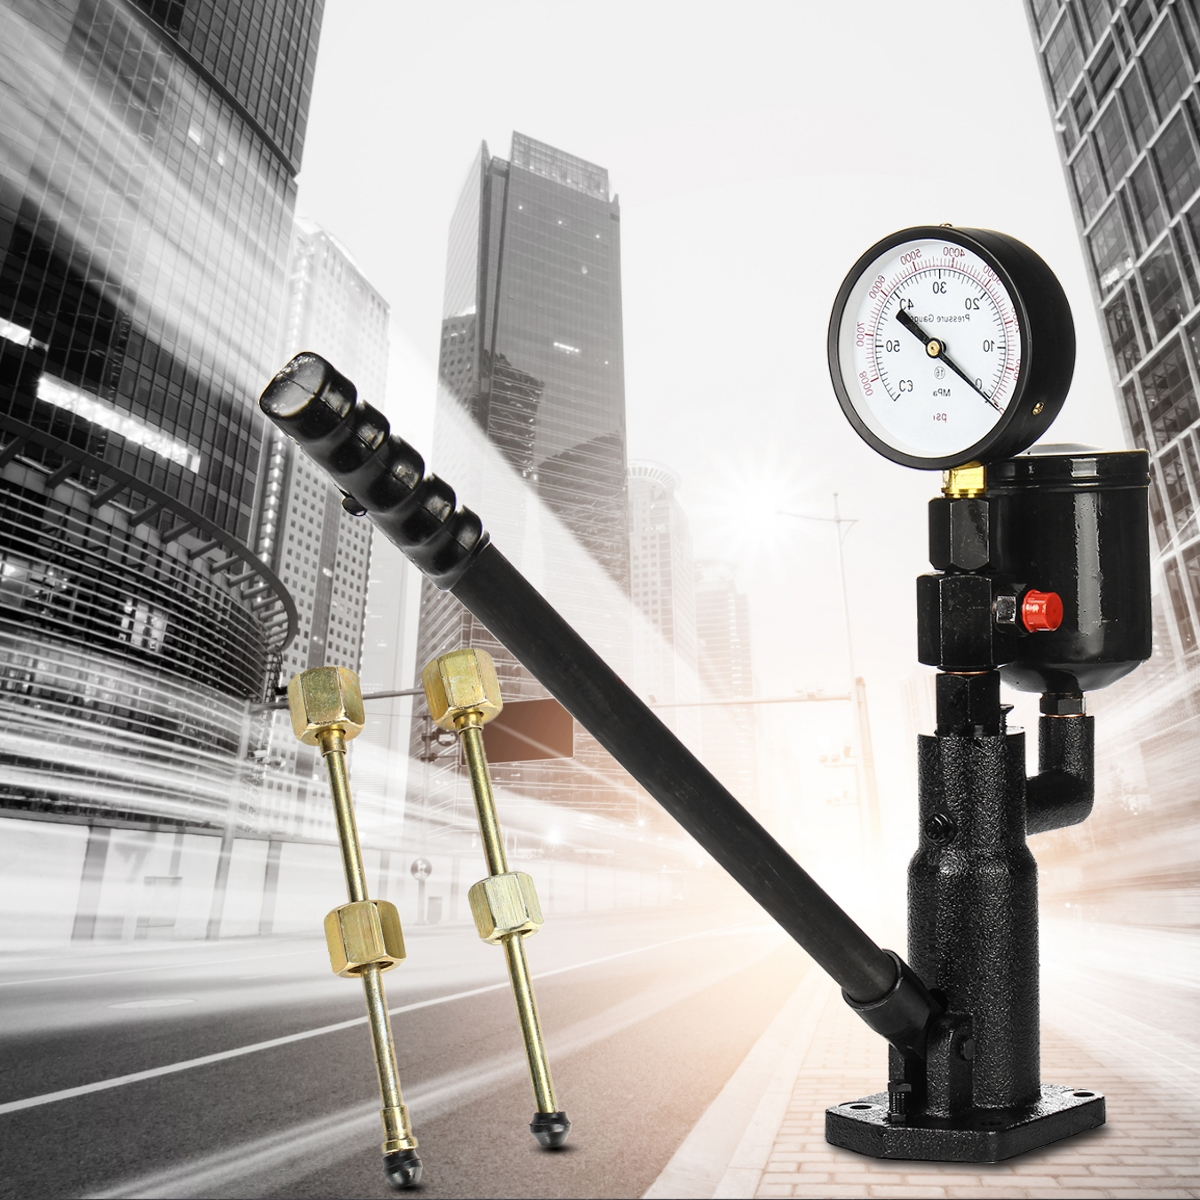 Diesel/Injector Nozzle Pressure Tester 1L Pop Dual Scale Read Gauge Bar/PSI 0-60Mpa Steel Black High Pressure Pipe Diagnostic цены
==
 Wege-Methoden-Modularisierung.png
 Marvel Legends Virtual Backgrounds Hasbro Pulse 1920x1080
...
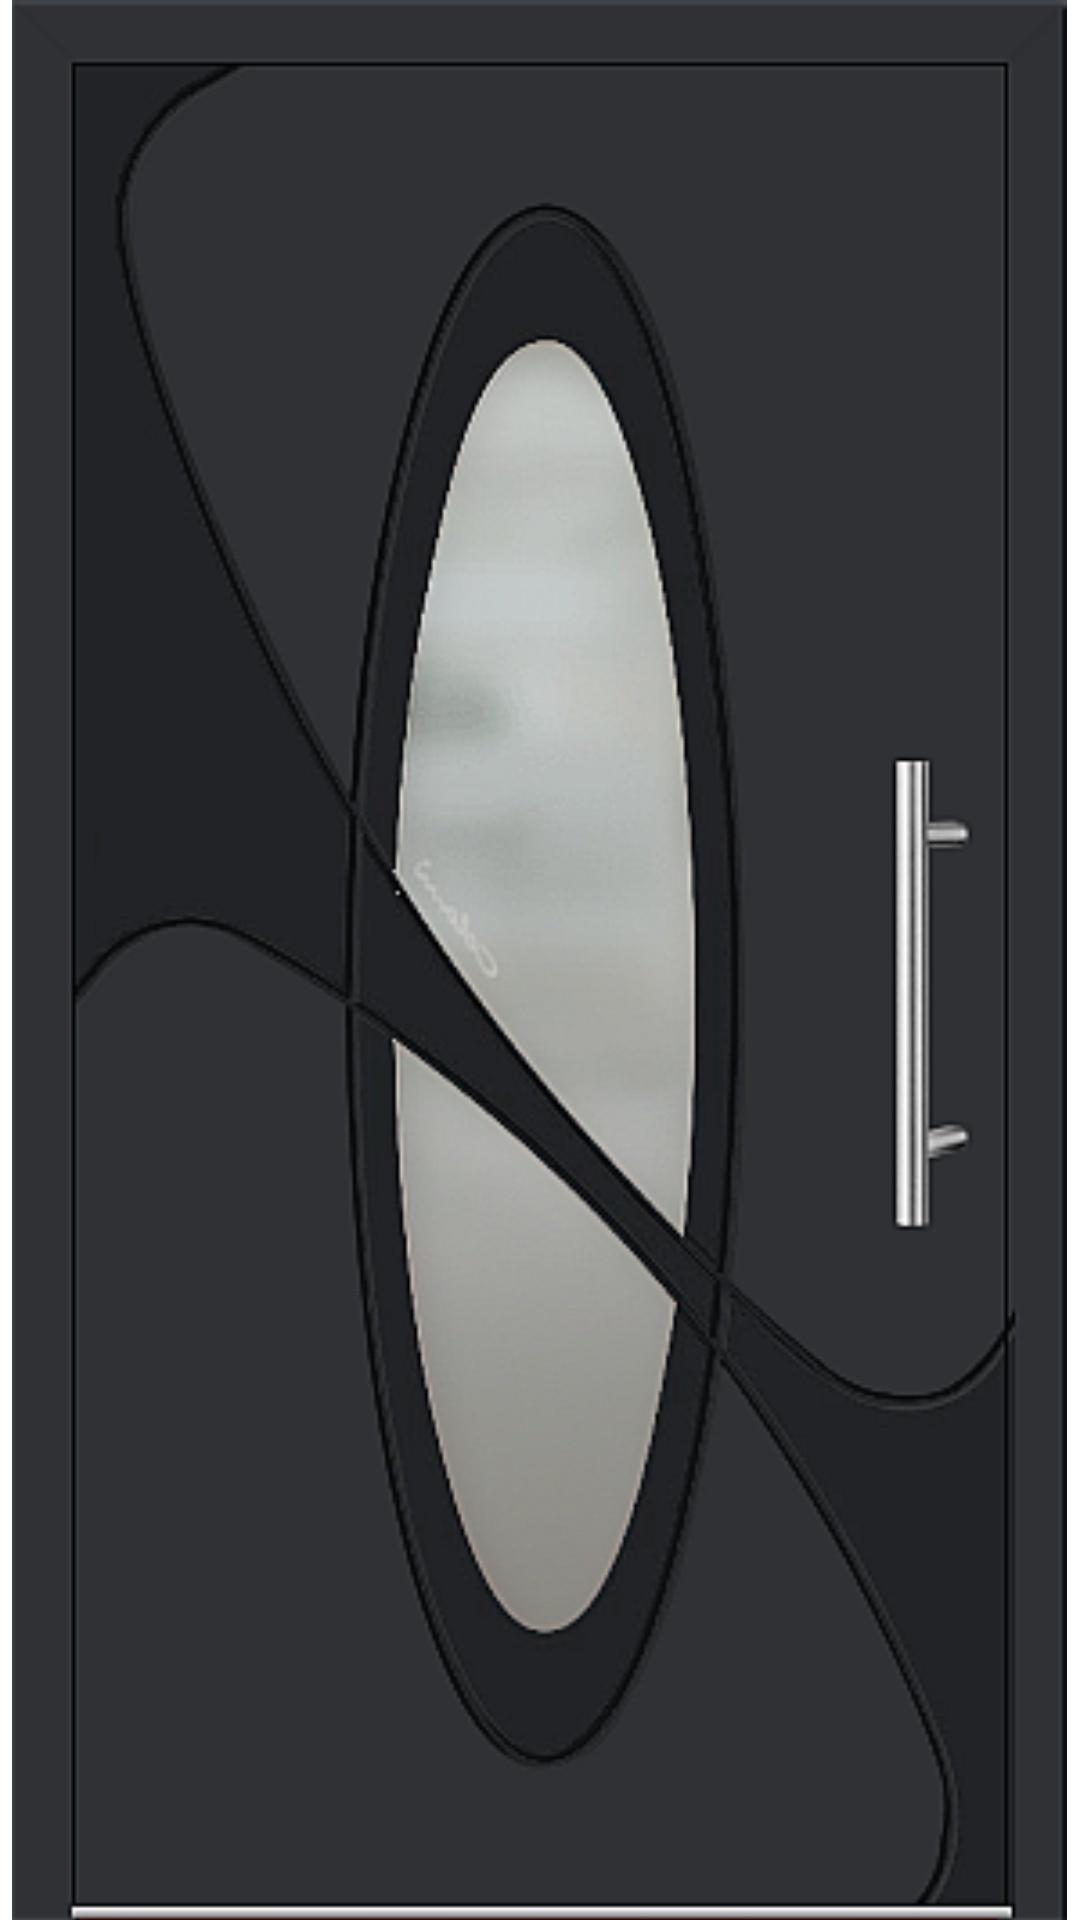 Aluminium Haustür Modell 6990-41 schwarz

== Exercise aim ==
Among the entries above, copy exactly only the lines starting with the one containing "Wege-Methoden-Modularisierung.png" and going through the one containing "Marvel Legends Virtual", both ends included.

== Your solution ==
 Wege-Methoden-Modularisierung.png
 Marvel Legends Virtual Backgrounds Hasbro Pulse 1920x1080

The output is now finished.